Copy each line of the data below, character for character.
-- Exercise data follows --
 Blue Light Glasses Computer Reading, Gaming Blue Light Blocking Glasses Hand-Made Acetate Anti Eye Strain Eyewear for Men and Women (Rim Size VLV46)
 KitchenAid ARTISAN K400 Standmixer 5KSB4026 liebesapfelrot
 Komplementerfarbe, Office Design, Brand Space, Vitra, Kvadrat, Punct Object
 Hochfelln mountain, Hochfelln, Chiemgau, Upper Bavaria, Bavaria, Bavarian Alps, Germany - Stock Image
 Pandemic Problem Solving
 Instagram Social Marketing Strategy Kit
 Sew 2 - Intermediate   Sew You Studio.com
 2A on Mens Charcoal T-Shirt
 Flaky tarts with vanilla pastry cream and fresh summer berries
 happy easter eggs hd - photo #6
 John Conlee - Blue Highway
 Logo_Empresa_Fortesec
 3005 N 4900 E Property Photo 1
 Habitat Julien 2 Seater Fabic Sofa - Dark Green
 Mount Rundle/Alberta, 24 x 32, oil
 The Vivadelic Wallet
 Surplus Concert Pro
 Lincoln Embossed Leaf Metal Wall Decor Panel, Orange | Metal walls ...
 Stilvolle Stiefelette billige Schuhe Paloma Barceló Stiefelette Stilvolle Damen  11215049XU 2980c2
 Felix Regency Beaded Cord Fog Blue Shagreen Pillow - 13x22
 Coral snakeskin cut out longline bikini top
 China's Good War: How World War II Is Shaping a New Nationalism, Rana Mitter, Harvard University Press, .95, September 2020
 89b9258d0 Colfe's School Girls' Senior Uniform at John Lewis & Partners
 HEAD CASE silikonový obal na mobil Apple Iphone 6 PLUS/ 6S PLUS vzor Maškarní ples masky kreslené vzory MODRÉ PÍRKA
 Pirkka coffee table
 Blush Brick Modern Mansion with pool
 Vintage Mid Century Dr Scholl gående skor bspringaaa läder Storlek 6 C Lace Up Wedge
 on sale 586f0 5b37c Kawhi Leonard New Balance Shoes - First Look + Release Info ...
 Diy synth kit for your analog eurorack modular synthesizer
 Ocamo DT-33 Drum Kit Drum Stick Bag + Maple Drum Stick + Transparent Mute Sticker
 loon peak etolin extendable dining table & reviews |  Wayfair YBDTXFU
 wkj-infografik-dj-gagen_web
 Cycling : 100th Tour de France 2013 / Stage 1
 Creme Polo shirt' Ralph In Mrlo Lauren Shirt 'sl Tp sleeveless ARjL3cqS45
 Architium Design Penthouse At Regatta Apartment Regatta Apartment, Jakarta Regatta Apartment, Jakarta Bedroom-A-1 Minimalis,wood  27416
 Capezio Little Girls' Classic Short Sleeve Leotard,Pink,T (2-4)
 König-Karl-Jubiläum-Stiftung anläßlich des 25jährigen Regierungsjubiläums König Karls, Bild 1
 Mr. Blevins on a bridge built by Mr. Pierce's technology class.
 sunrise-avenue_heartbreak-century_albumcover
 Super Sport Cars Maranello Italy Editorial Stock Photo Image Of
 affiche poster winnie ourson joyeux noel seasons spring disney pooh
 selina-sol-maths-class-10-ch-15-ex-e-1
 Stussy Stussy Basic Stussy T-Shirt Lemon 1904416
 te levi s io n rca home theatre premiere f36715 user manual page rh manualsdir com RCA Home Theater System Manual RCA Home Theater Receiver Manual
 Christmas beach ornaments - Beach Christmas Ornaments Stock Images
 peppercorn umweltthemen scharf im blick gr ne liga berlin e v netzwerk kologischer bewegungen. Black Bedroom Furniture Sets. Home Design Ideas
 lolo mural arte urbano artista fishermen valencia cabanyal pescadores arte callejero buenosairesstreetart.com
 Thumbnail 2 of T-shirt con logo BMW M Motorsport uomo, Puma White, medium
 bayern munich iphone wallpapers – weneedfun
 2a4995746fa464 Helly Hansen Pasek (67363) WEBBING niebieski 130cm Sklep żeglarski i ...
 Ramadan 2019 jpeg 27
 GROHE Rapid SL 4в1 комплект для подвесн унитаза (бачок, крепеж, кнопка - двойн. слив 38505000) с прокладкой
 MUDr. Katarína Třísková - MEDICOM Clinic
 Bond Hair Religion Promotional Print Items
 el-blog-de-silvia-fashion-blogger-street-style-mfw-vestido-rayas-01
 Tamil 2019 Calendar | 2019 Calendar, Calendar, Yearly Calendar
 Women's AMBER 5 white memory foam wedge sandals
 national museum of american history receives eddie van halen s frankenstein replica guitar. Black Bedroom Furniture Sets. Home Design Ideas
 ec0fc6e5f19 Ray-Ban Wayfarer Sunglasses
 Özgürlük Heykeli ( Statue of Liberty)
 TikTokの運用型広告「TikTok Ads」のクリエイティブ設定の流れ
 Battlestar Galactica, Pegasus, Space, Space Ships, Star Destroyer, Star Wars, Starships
-- Exercise data concluded --
* [Solution to this exercise]
 Blue Light Glasses Computer Reading, Gaming Blue Light Blocking Glasses Hand-Made Acetate Anti Eye Strain Eyewear for Men and Women (Rim Size VLV46)
 KitchenAid ARTISAN K400 Standmixer 5KSB4026 liebesapfelrot
 Komplementerfarbe, Office Design, Brand Space, Vitra, Kvadrat, Punct Object
 Hochfelln mountain, Hochfelln, Chiemgau, Upper Bavaria, Bavaria, Bavarian Alps, Germany - Stock Image
 Pandemic Problem Solving
 Instagram Social Marketing Strategy Kit
 Sew 2 - Intermediate   Sew You Studio.com
 2A on Mens Charcoal T-Shirt
 Flaky tarts with vanilla pastry cream and fresh summer berries
 happy easter eggs hd - photo #6
 John Conlee - Blue Highway
 Logo_Empresa_Fortesec
 3005 N 4900 E Property Photo 1
 Habitat Julien 2 Seater Fabic Sofa - Dark Green
 Mount Rundle/Alberta, 24 x 32, oil
 The Vivadelic Wallet
 Surplus Concert Pro
 Lincoln Embossed Leaf Metal Wall Decor Panel, Orange | Metal walls ...
 Stilvolle Stiefelette billige Schuhe Paloma Barceló Stiefelette Stilvolle Damen  11215049XU 2980c2
 Felix Regency Beaded Cord Fog Blue Shagreen Pillow - 13x22
 Coral snakeskin cut out longline bikini top
 China's Good War: How World War II Is Shaping a New Nationalism, Rana Mitter, Harvard University Press, .95, September 2020
 89b9258d0 Colfe's School Girls' Senior Uniform at John Lewis & Partners
 HEAD CASE silikonový obal na mobil Apple Iphone 6 PLUS/ 6S PLUS vzor Maškarní ples masky kreslené vzory MODRÉ PÍRKA
 Pirkka coffee table
 Blush Brick Modern Mansion with pool
 Vintage Mid Century Dr Scholl gående skor bspringaaa läder Storlek 6 C Lace Up Wedge
 on sale 586f0 5b37c Kawhi Leonard New Balance Shoes - First Look + Release Info ...
 Diy synth kit for your analog eurorack modular synthesizer
 Ocamo DT-33 Drum Kit Drum Stick Bag + Maple Drum Stick + Transparent Mute Sticker
 loon peak etolin extendable dining table & reviews |  Wayfair YBDTXFU
 wkj-infografik-dj-gagen_web
 Cycling : 100th Tour de France 2013 / Stage 1
 Creme Polo shirt' Ralph In Mrlo Lauren Shirt 'sl Tp sleeveless ARjL3cqS45
 Architium Design Penthouse At Regatta Apartment Regatta Apartment, Jakarta Regatta Apartment, Jakarta Bedroom-A-1 Minimalis,wood  27416
 Capezio Little Girls' Classic Short Sleeve Leotard,Pink,T (2-4)
 König-Karl-Jubiläum-Stiftung anläßlich des 25jährigen Regierungsjubiläums König Karls, Bild 1
 Mr. Blevins on a bridge built by Mr. Pierce's technology class.
 sunrise-avenue_heartbreak-century_albumcover
 Super Sport Cars Maranello Italy Editorial Stock Photo Image Of
 affiche poster winnie ourson joyeux noel seasons spring disney pooh
 selina-sol-maths-class-10-ch-15-ex-e-1
 Stussy Stussy Basic Stussy T-Shirt Lemon 1904416
 te levi s io n rca home theatre premiere f36715 user manual page rh manualsdir com RCA Home Theater System Manual RCA Home Theater Receiver Manual
 Christmas beach ornaments - Beach Christmas Ornaments Stock Images
 peppercorn umweltthemen scharf im blick gr ne liga berlin e v netzwerk kologischer bewegungen. Black Bedroom Furniture Sets. Home Design Ideas
 lolo mural arte urbano artista fishermen valencia cabanyal pescadores arte callejero buenosairesstreetart.com
 Thumbnail 2 of T-shirt con logo BMW M Motorsport uomo, Puma White, medium
 bayern munich iphone wallpapers – weneedfun
 2a4995746fa464 Helly Hansen Pasek (67363) WEBBING niebieski 130cm Sklep żeglarski i ...
 Ramadan 2019 jpeg 27
 GROHE Rapid SL 4в1 комплект для подвесн унитаза (бачок, крепеж, кнопка - двойн. слив 38505000) с прокладкой
 MUDr. Katarína Třísková - MEDICOM Clinic
 Bond Hair Religion Promotional Print Items
 el-blog-de-silvia-fashion-blogger-street-style-mfw-vestido-rayas-01
 Tamil 2019 Calendar | 2019 Calendar, Calendar, Yearly Calendar
 Women's AMBER 5 white memory foam wedge sandals
 national museum of american history receives eddie van halen s frankenstein replica guitar. Black Bedroom Furniture Sets. Home Design Ideas
 ec0fc6e5f19 Ray-Ban Wayfarer Sunglasses
 Özgürlük Heykeli ( Statue of Liberty)
 TikTokの運用型広告「TikTok Ads」のクリエイティブ設定の流れ
 Battlestar Galactica, Pegasus, Space, Space Ships, Star Destroyer, Star Wars, Starships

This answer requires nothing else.